Maryland governor signs environmental laws

ANNAPOLIS, Md. (AP) -- Republican Gov. Larry Hogan took a bipartisan ride with state Democratic leaders in an electric car Thursday to a waterside bill-signing ceremony for environmental initiatives.

Hogan, Senate President Thomas V. Mike Miller and House Speaker Michael Busch smiled and posed for photographs before they stepped into an electric blue Hyundai. Hogan took the front passenger seat and a state trooper took the wheel.

"We've got bills that we've worked together, with both sides of the aisle, to protect the air, to protect the water and protect the soil, and we're going to continue to do it," Hogan said at the Annapolis City Dock, not far from the waters of the Chesapeake Bay.

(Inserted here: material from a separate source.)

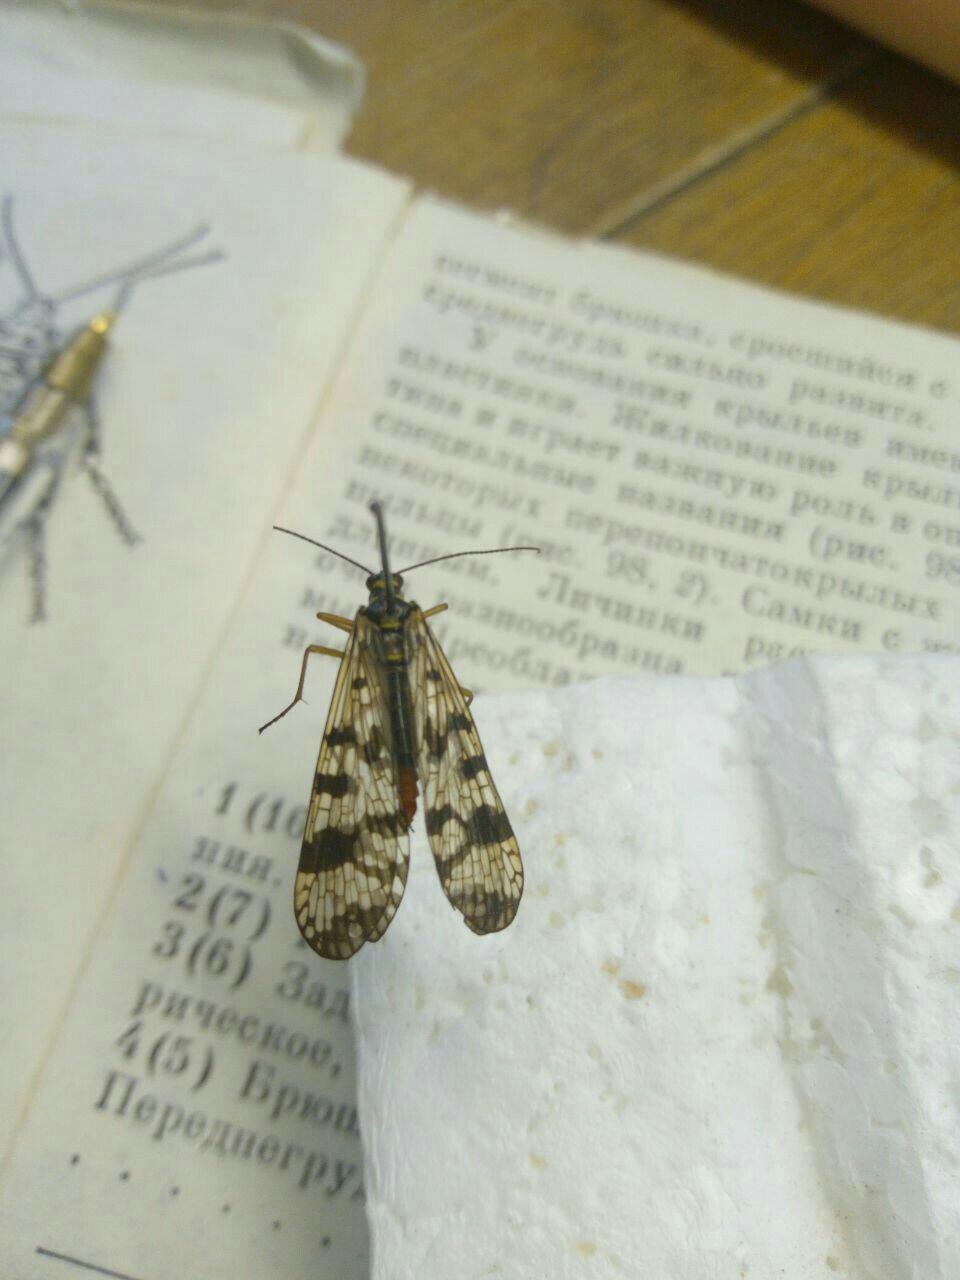 Что это за насекомое? ОБЯЗАТЕЛЬНО СКАЗАТЬ НАЗВАНИЕ

Here's a look at some of the legislation:


Maryland will increase investment in the Electric Vehicle Tax Credit program by more than 30 percent. The Charging Station Tax Rebate will be doubled, to a maximum of $4,000, and the electric car tax credit program will allow deductions for $100 per kWH of battery life per vehicle, up to the same maximum tax credit of $3,000.


The state will allow up to $10 million each year of the Bay Restoration Fund to be used to pay for pollution reductions Maryland will use to meet the Chesapeake Bay Watershed Improvement Plan by 2025.


A new institute at the University of Maryland will collaborate to develop and attract private investment and commercialize clean energy innovations.


The Maryland Department of Agriculture will provide farmers with research, education, technical assistance and potential financial assistance to improve soil health on Maryland farms.


A moratorium will be put in place on killing cownose rays in contests through July 1, 2019. The measure requires the Department of Natural Resources to prepare a fisheries management plan for the rays by Dec. 31, 2018.


Hogan declined to taking a position on a decision the Maryland Public Service Commission is expected to make this month on two offshore wind proposals near Ocean City. The PSC could enable Maryland to host the nation's largest offshore windfarm.

"The law was passed a while ago," Hogan told reporters after the ceremony, referring to the 2013 Maryland law creating a regulatory framework for offshore wind. "It's finally come to fruition, but that's a decision that the independent body -- the PSC -- has to make, and we're following it very closely but don't have any role in the process."